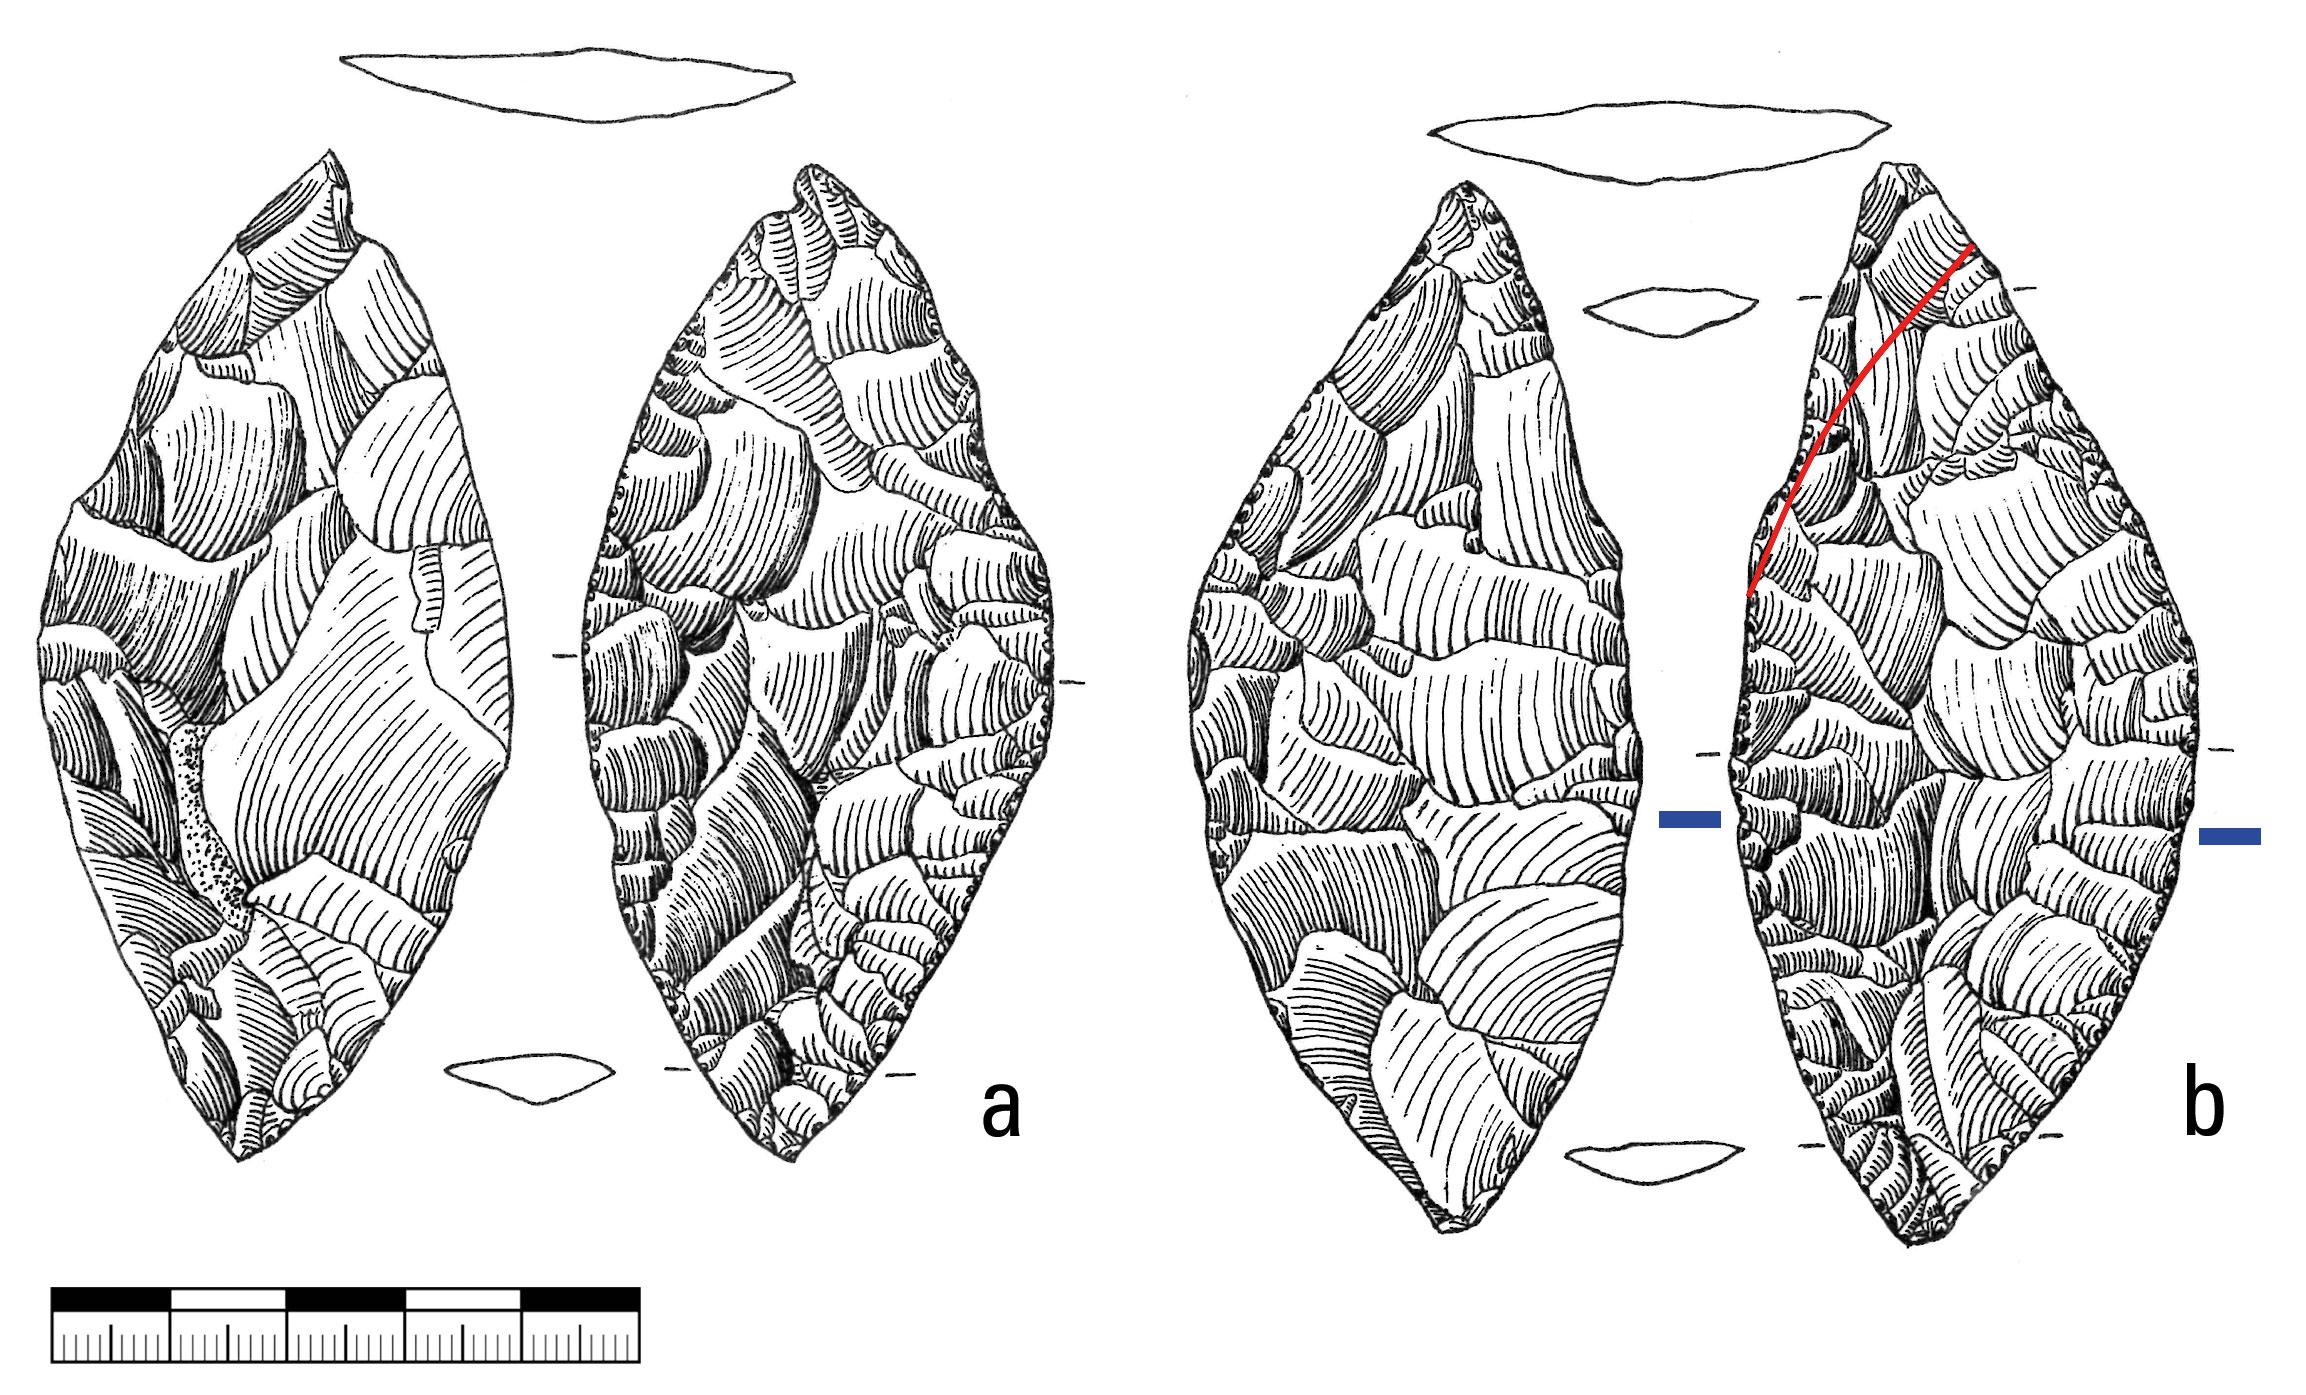 Haldensteinhöhle, Zeichnung von Blattspitzen
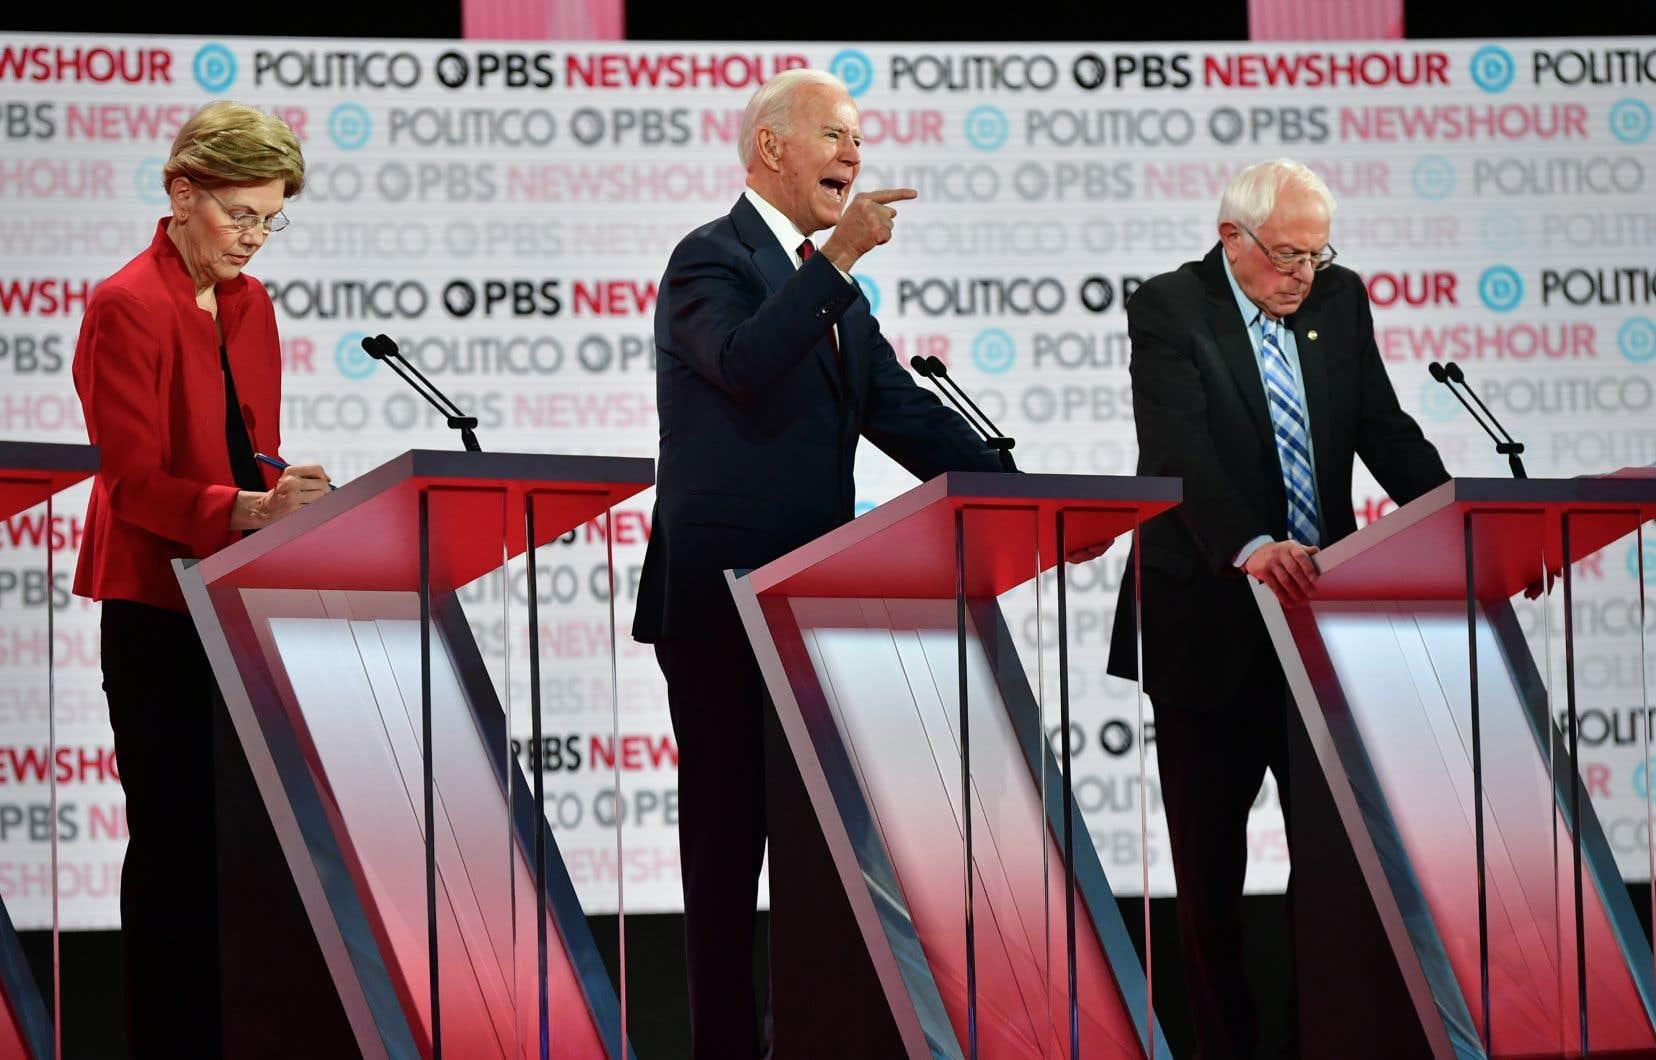 Six candidats à l'investiture démocrate—dont Elizabeth Warren, Joe Biden et Bernis Sanders—pour la présidentielle américaine s'affronteront mardi soir lors du dernier débat télévisé.
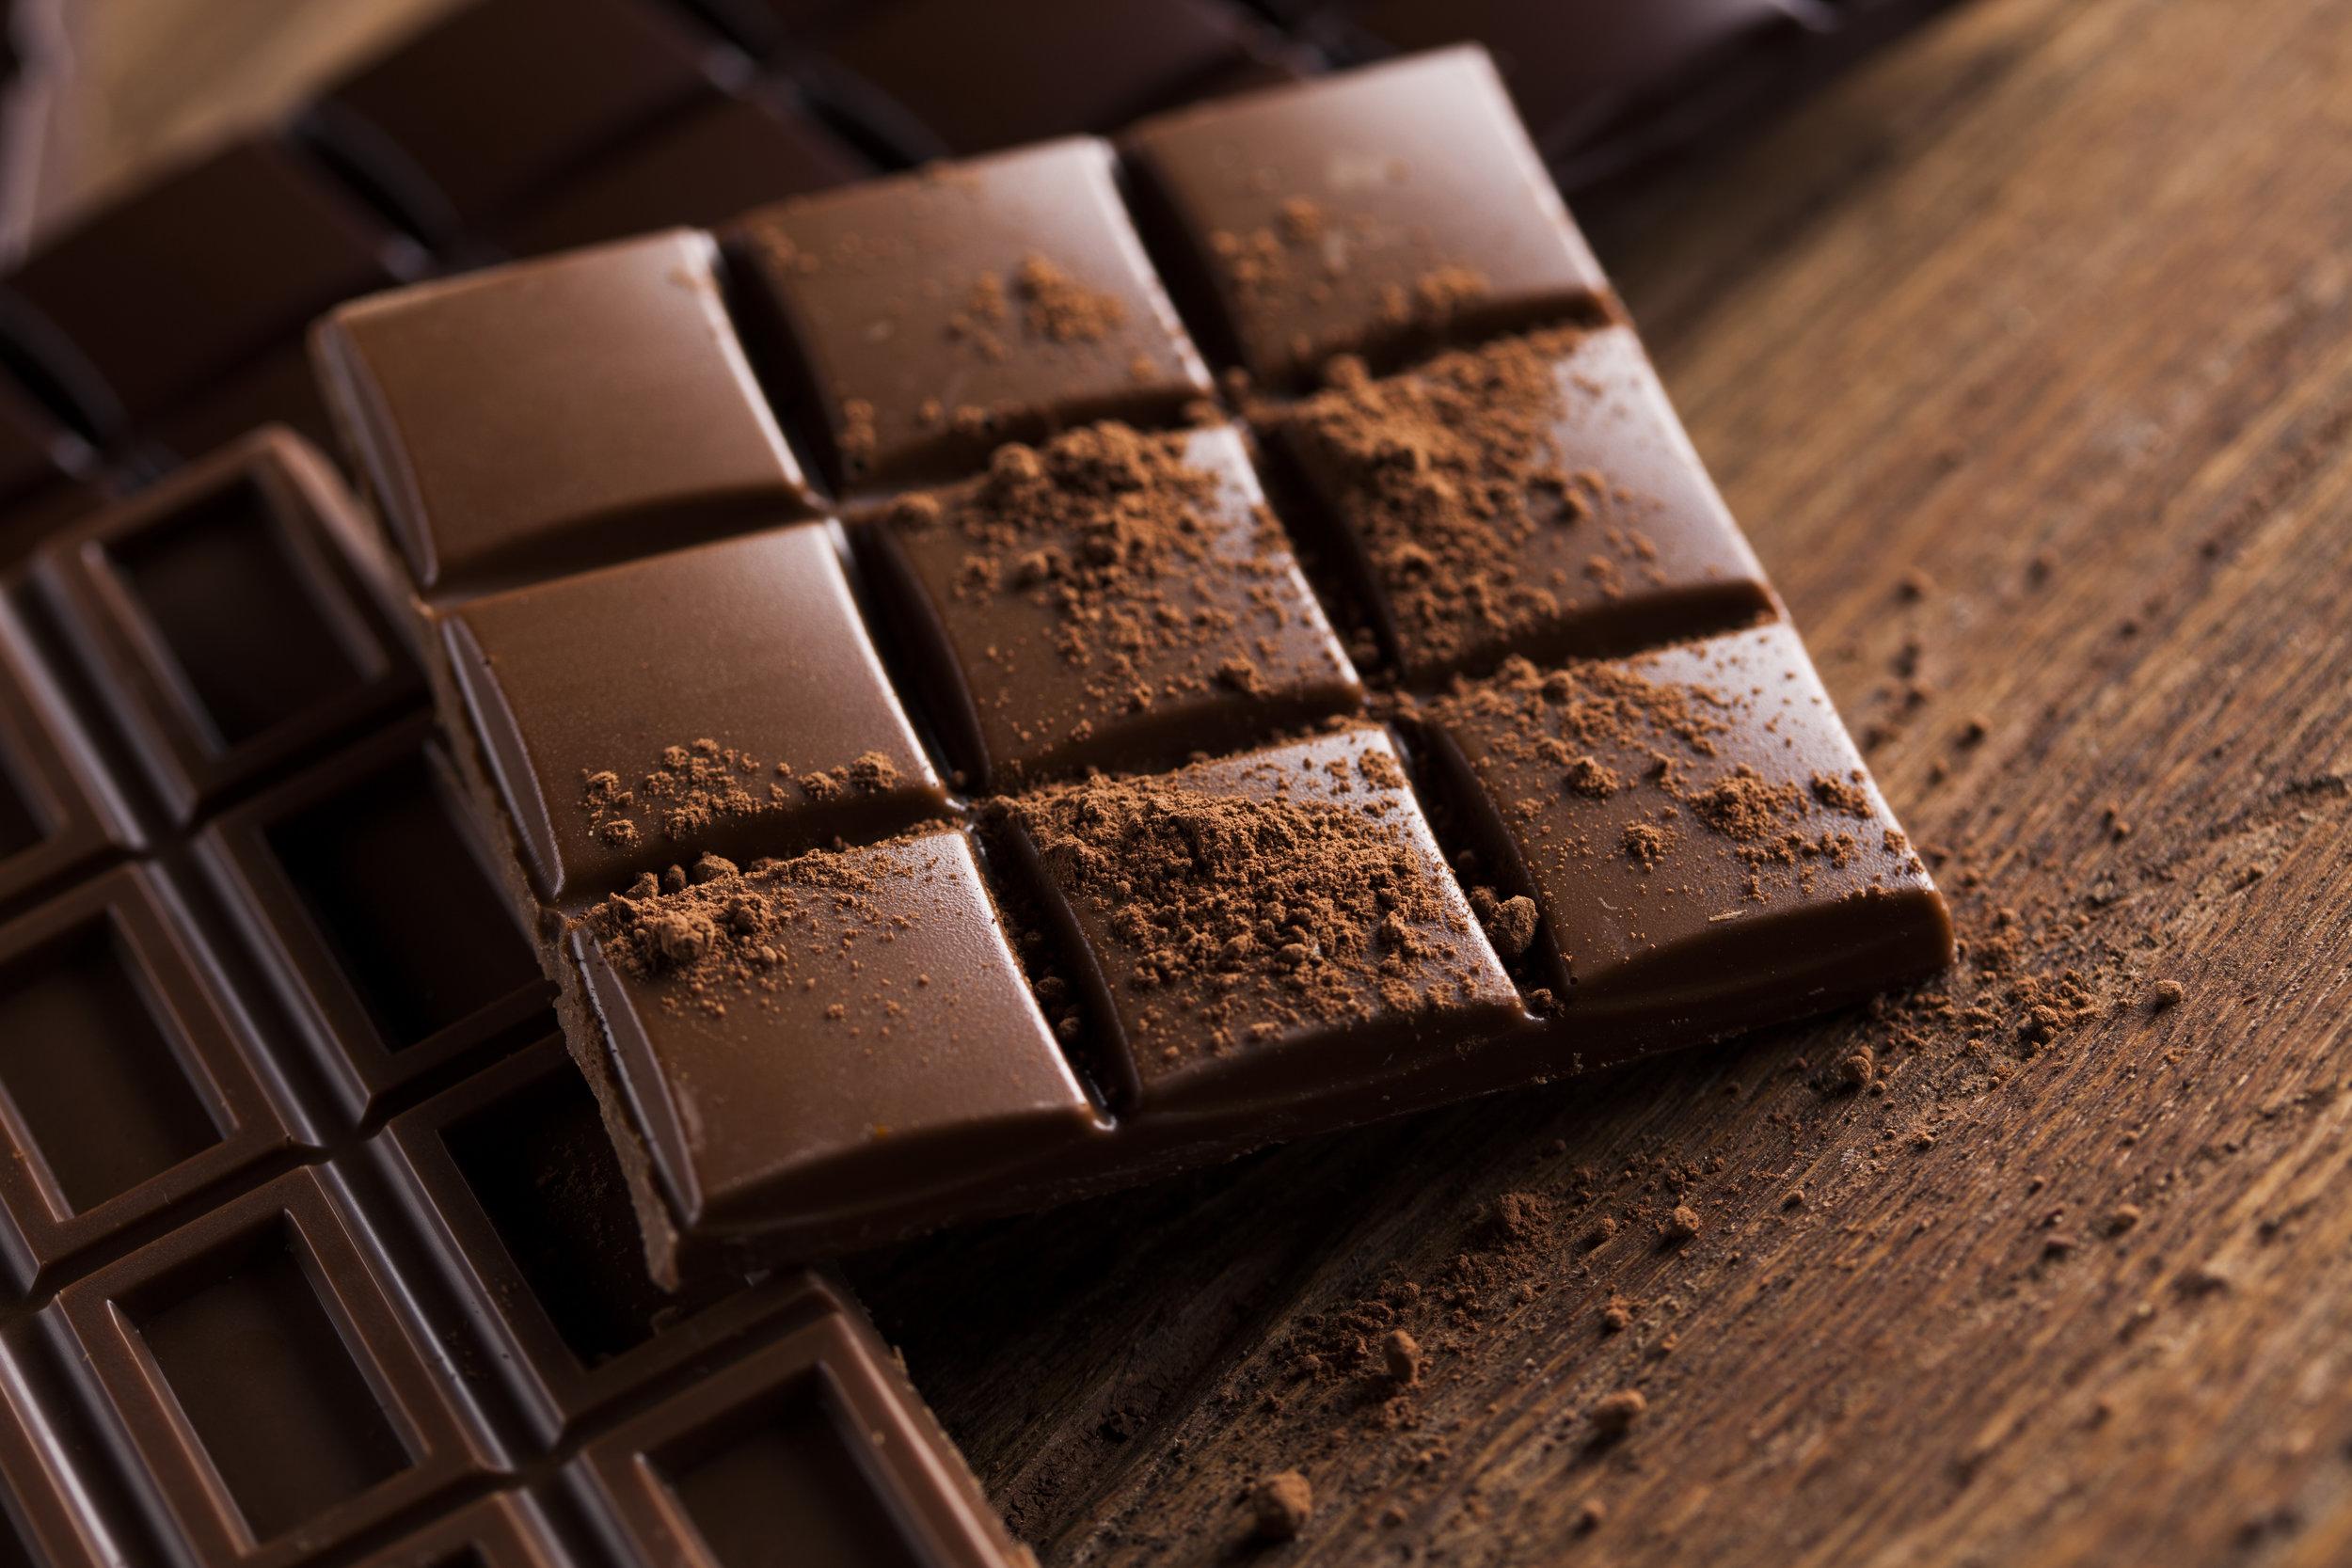 shutterstock_594489065(Chocolate).jpg

Problem to solve: From the line containing "Six candidats à" down to the last line of the data above, transcribe exactly those lines and no others; omit the pictures.

Finished exercise:
 Six candidats à l'investiture démocrate—dont Elizabeth Warren, Joe Biden et Bernis Sanders—pour la présidentielle américaine s'affronteront mardi soir lors du dernier débat télévisé.
 shutterstock_594489065(Chocolate).jpg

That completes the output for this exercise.